Common Header Issues
When the same software performs both; alignment and SAM generation, the header is usually consistent. Inconsistencies often arise in the following scenarios:
- Differences in reference genome nomenclature
- Some builds/versions use “chr1”, others simply “1”.
- Example:
- Header: @SQ SN:1 LN:248956422
- Alignment lines: chr1
- This typically occurs when the SAM was generated against a different FASTA than the one later used by another program (IGV, GATK, bcftools, etc.).
- Format conversion
- During conversions (SAM → BAM → CRAM) or when using tools such as samtools merge, Picard, or bamtools, the header may be rewritten.
- In these steps, chromosome names or their order can change, causing incompatibilities.
- Merging files from different alignments
- Combining BAM files from different alignment runs (e.g., hg19 vs. GRCh38) often results in inconsistent header naming conventions.
- This causes errors because the @SQ lines do not match.
- Manual edits or custom pipelines
- Occasionally, users edit the header manually (e.g., with samtools reheader) to correct an issue.
- If not done consistently, errors can appear, such as “phantom” chromosomes (present in the header but unused, or vice versa).
- Different software = different conventions
- A classic example:
- bwa mem: uses @SQ SN:chr1.
- bowtie2: may use SN:1.
- Mixing files produced under different conventions yields non-identical names.
- A classic example:
Programs such as samtools, bcftools, IGV, and GATK require that the names in @SQ SN: exactly match the names in the FASTA reference used.
If there is any discrepancy (even chr1 vs 1), errors of the following sort may occur:
Sequence dictionary and alignment file not compatible
2. READ ALIGNMENT LINES
Each alignment line follows a fixed format with at least 11 mandatory fields:
- QNAME: read name (ID)
- FLAG: integer value encoding information about the read (e.g., whether it belongs to pair R1 or R2, whether it is aligned, whether it maps to the reverse complement, etc.)
- RNAME: chromosome or reference sequence where the read is aligned
- POS: starting position (1-based) of the alignment on the reference
- MAPQ: mapping quality (confidence that the alignment is correct)
- CIGAR: string describing how the sequence aligns (number of matches, insertions, deletions)
- RNEXT: reference name of the next read (for paired-end sequencing)
- PNEXT: position of the next read
- TLEN: observed template length (insert size)
- SEQ: the nucleotide sequence of the read
- QUAL: quality scores for each base (same Phred scale as in FASTQ)
Beyond these 11 fields, optional fields may be included to provide additional information (e.g., number of mismatches, tags generated by the alignment software, etc.)
Example:
M00176:35:000000000-A3JHG:1:1101:10003:12345 99 chr1 10000 60 76M = 10100 176 ACGTTCTGATGACCTTAGCA... IIIHFGEFIIHDF>?=;:987…
Explanation
- QNAME: M00176:35:... → read identifier.
- FLAG: 99 → indicates paired-end sequencing, first read, mapped in the forward orientation.
- RNAME: chr1 → aligned to chromosome 1.
- POS: 10000 → alignment starts at position 10,000.
- MAPQ: 60 → high confidence in the mapping.
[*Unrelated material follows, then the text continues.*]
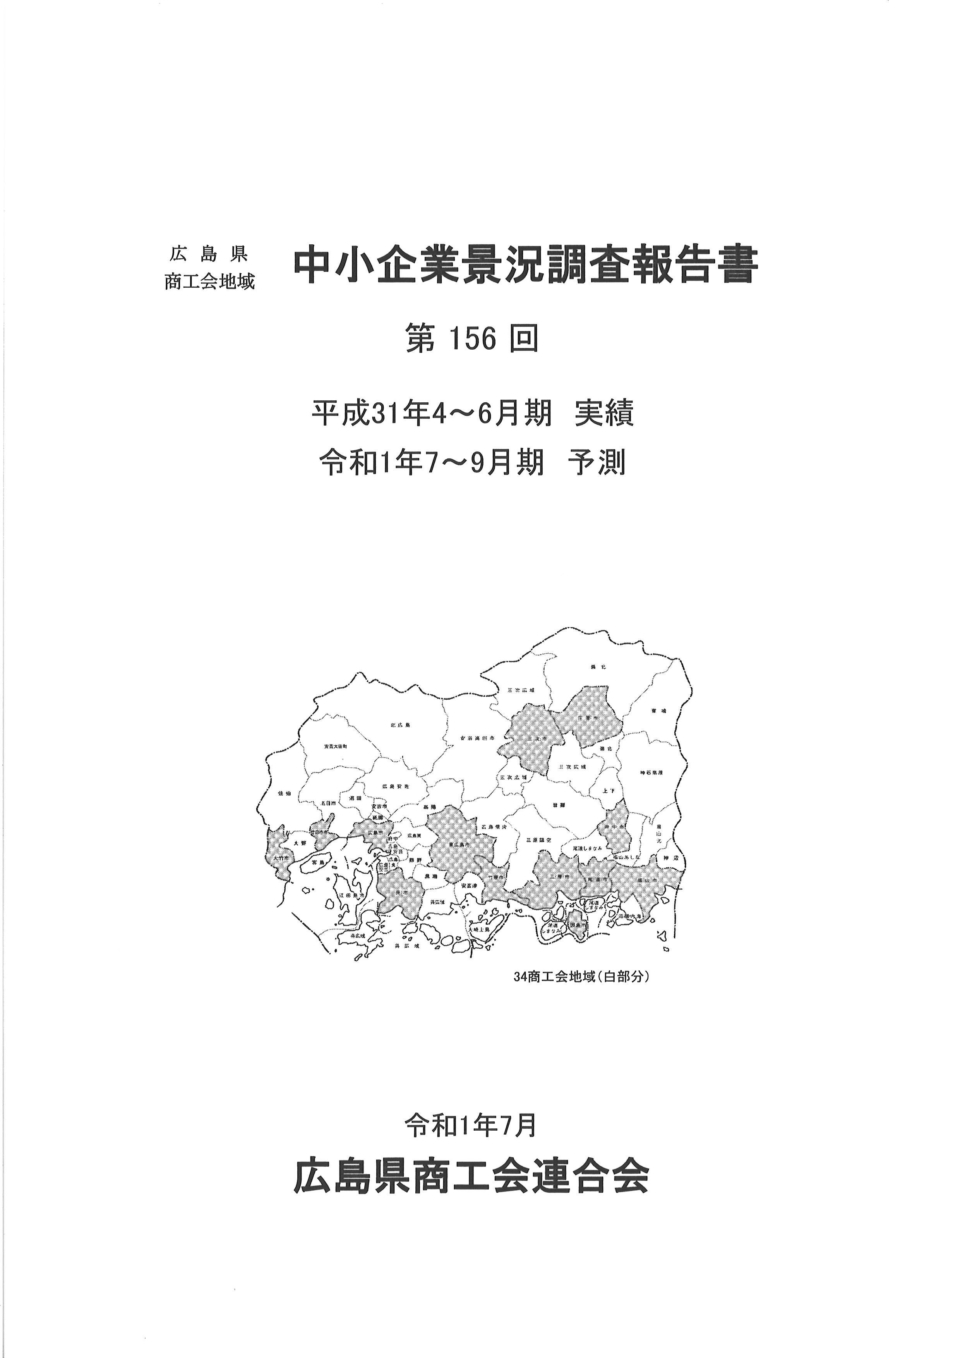 広島県商工会地域　中小企業景況調査報告書（経営発達支援事業）を公開しています

- CIGAR: 76M → 76 bases aligned (all “matches”).
- RNEXT: = → mate aligned on the same chromosome.
- PNEXT: 10100 → starting position of the mate.
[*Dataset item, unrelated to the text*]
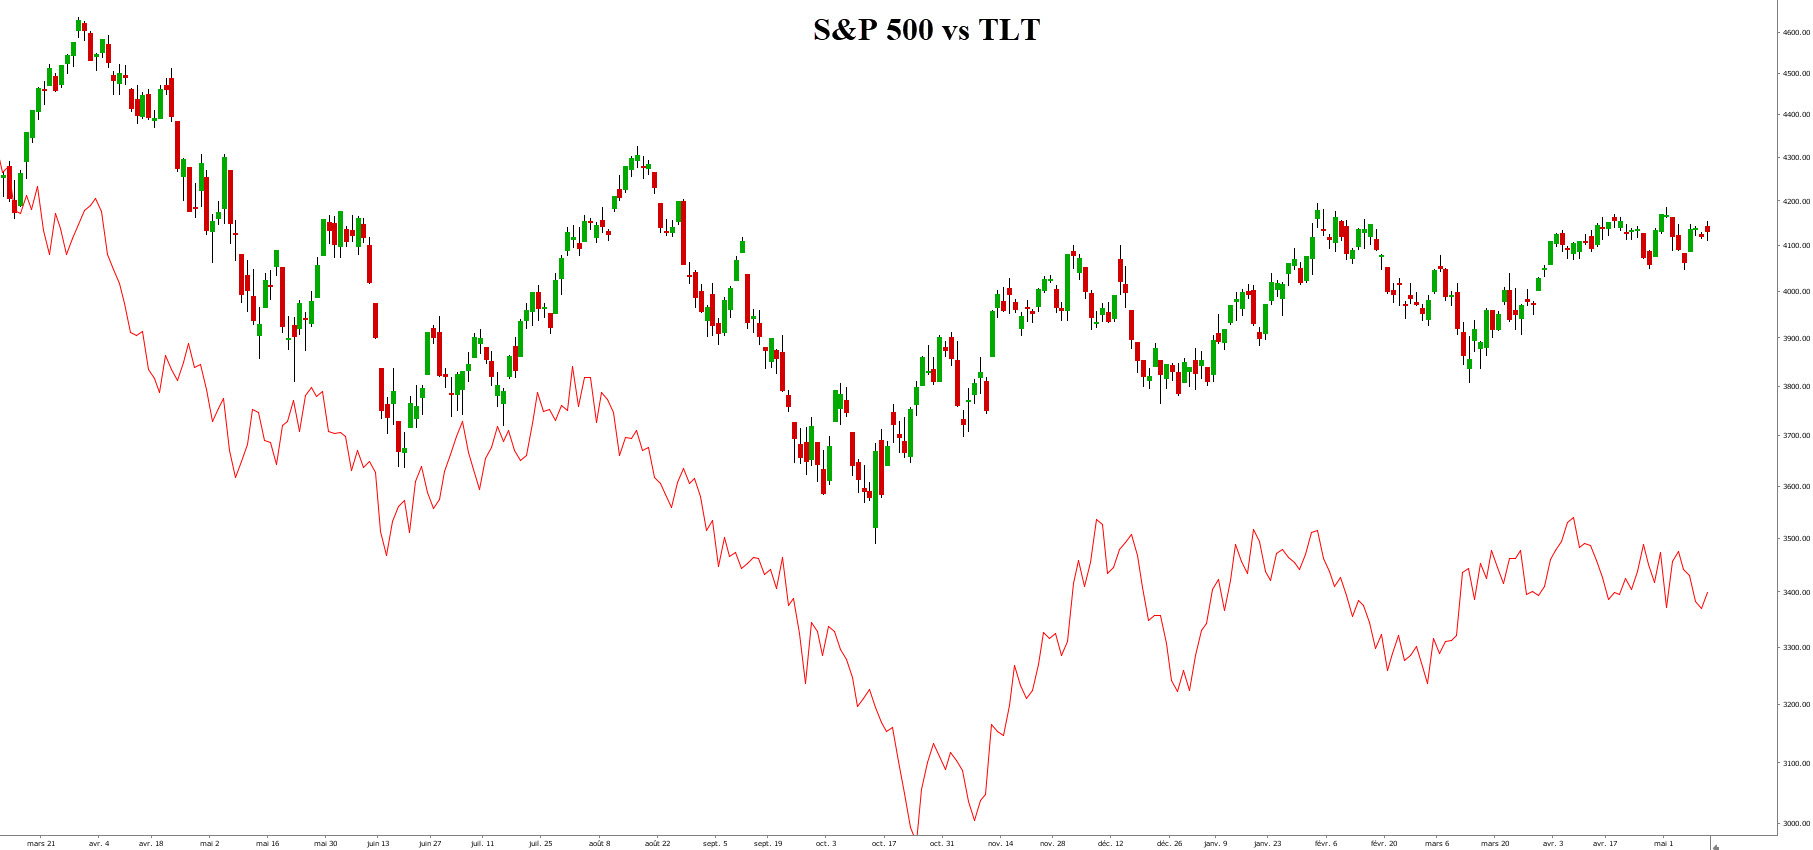 S&P 500 vs TLT daily

- TLEN: 176 → observed fragment length.
- SEQ: observed DNA sequence.
- QUAL: quality scores for each base, in the same format as FASTQ.
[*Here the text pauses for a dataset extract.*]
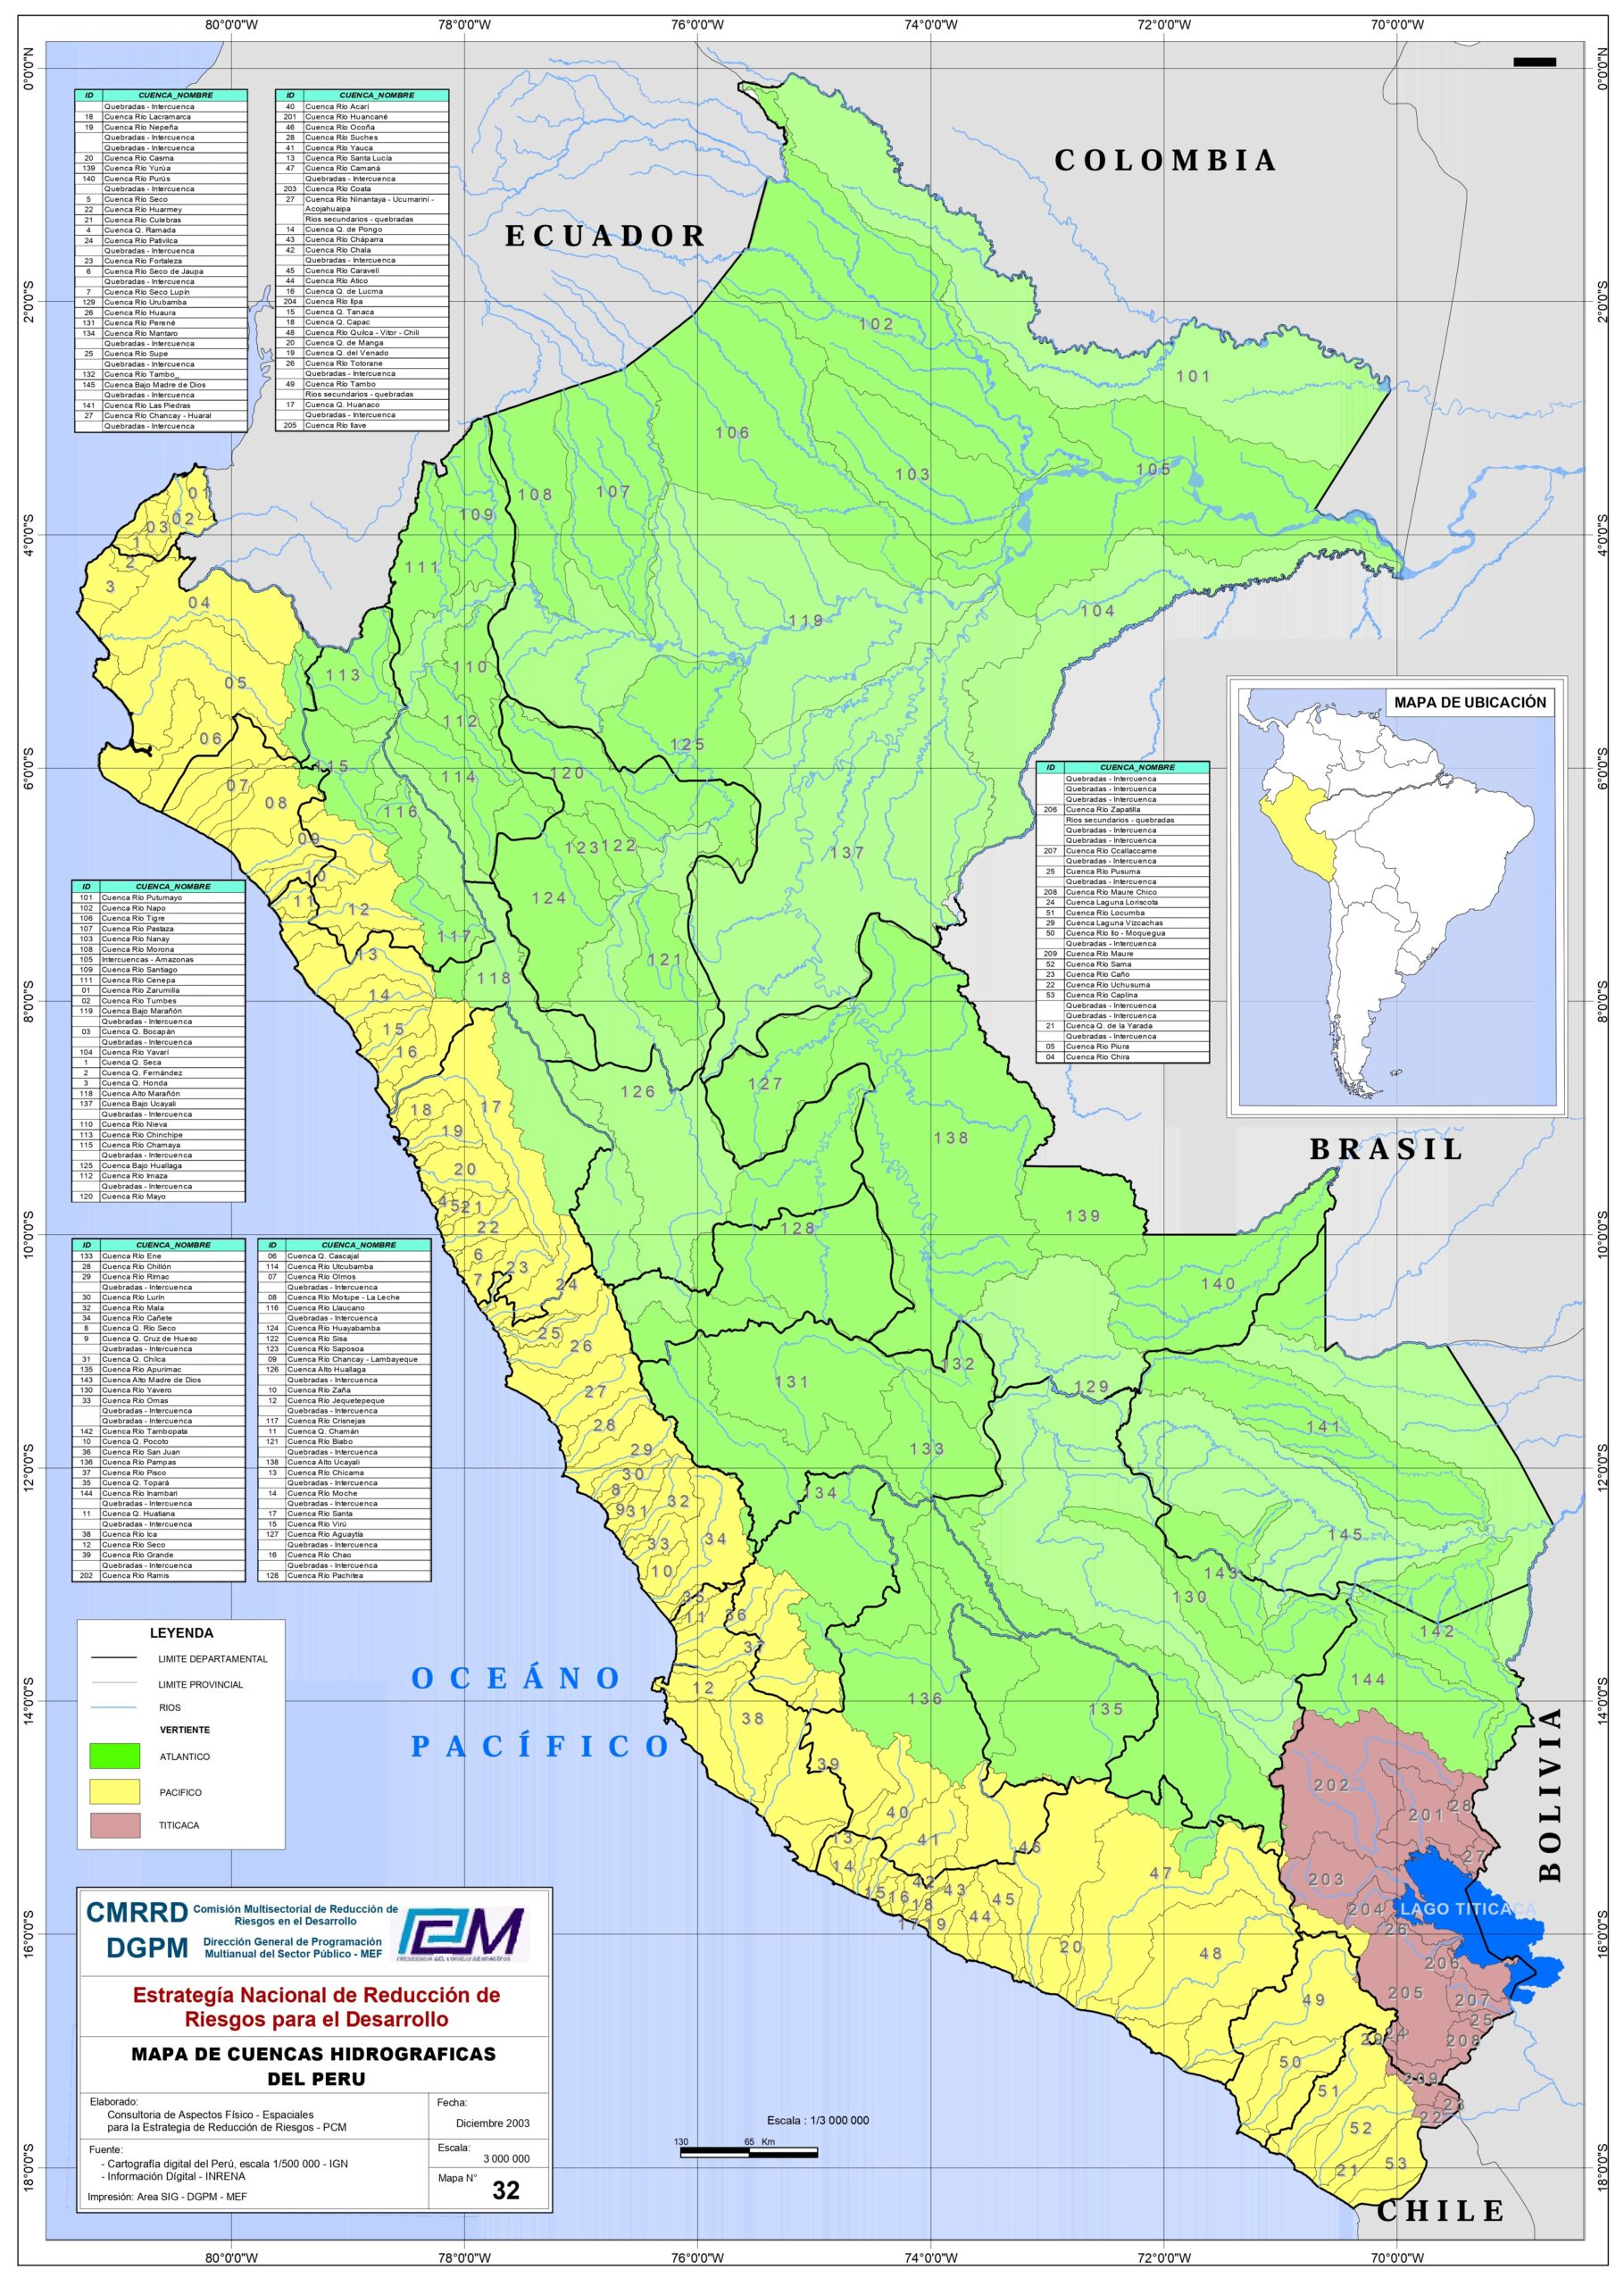 Cuencas hidrográficas del Perú (2003)

The SAM format is particularly useful for inspecting alignments, assessing sequencing quality, and identifying potential mapping errors. Being text-based, it is transparent but also very large in size. For this reason, it is usually converted into BAM, its compressed binary version, which is smaller and supported by most software and visualization tools, such as IGV, HipSTR, and GangSTR.